Terrifying, because proper accounting treatment would mean that the abovementioned €76.5 billion in max provisions is really orders of magnitude lower than what the final number will be.

Of course, it wouldn’t be an article about a ponzi scheme if it didn’t have an official refutation. Sure enough:

Metrovacesa isn’t a zombie, said a company spokesman, who
declined to be named citing company policy.

And That, ladies and gents, just won the prize for the most hilarious denial in the history of denials… to date. As the ponzi unravels more and more each day, the above case will be rather serious compared to what is in the pipeline. But for now, a company spokesman forced to deny that the company he works for is not an undead creature with a penchant for brains does it for us.

Metrovacesa has
projects in mind, but the market doesn’t allow homebuilding, he
said
.

Wait, wasn’t everything Bush’s fault? Or in the worst case: Merkel? Now we get one more culprit for lack of market clearing. Why, the market itself of course.

But if the above hasn’t caused blood to shoot out of one’s ears yet, the next paragraphs absolutely will.

More than half of Spain’s 67,000 developers can be categorized as “zombies,” according R.R. de Acuna & Asociados, a real-estate consulting firm. They have combined debt of 180 billion euros that will lead to 104 billion euros of losses that hasn’t been fully provisioned for, Acuna estimates.

They aren’t officially bankrupt because they have been refinanced time and time again,” Fernando Rodriguez de Acuna Martinez, a partner at the company, said by telephone. “Their assets are worth much less than their liabilities, they struggle to repay loans and they haven’t revaluated them to reflect today’s prices.”

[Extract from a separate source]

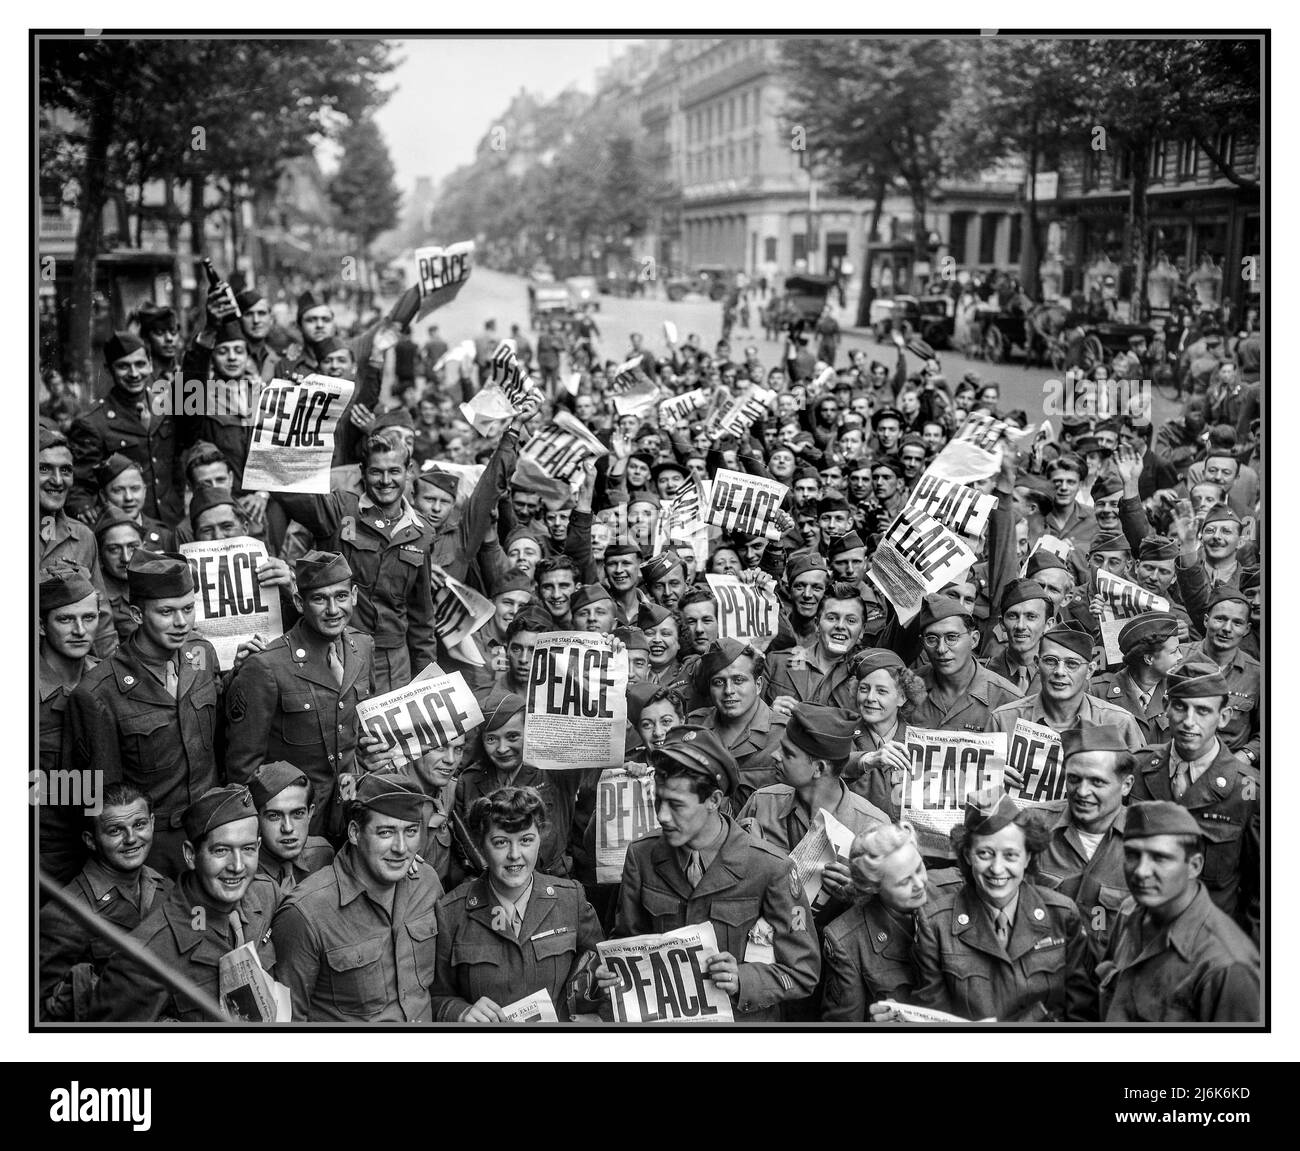 VJ DAY PARIS 1945 American servicemen and women gather in front of 'Rainbow Corner' Red Cross club in Paris to celebrate the unconditional surrender of the Japanese.'  PEACE headline on the US military newspaper 'Stars and Stripes' being held by ecstatic USA military personnel Date 15 August 1945 WW2 World War II Second World War Stock Photo

And that, in a centrally planned world, is why no company is allowed to go bankrupt – because the central banks merely allow them to refi into perpetuity, even if, as is admitted, “assets are worth much less than their liabilities” – surely a justification to invoke the Fed’s emergency Section 13(3) emergency powers

In the meantime, the Fed’s domestic partner, the Bank of Spain is doing all it can to avoid the realization that zombies walk among us:

The Bank of Spain allows loans that are refinanced before turning delinquent and interest-only loans to be considered “normal” or “performing” on banks’ books, according to Manso.

“You won’t find that data anywhere,” Manso said. “There has been a lot of cheating going on where banks have lent developers new money, classed as new lending, so they can pay off their original loans.” That’s masking delinquency, he said.

Refinancing the current and future zombie developers will cost 30 billion euros over the next two years, according to Acuna. The depreciation of those developer assets from 2012 onwards will generate a further 20 billion euros of losses in that time, he said.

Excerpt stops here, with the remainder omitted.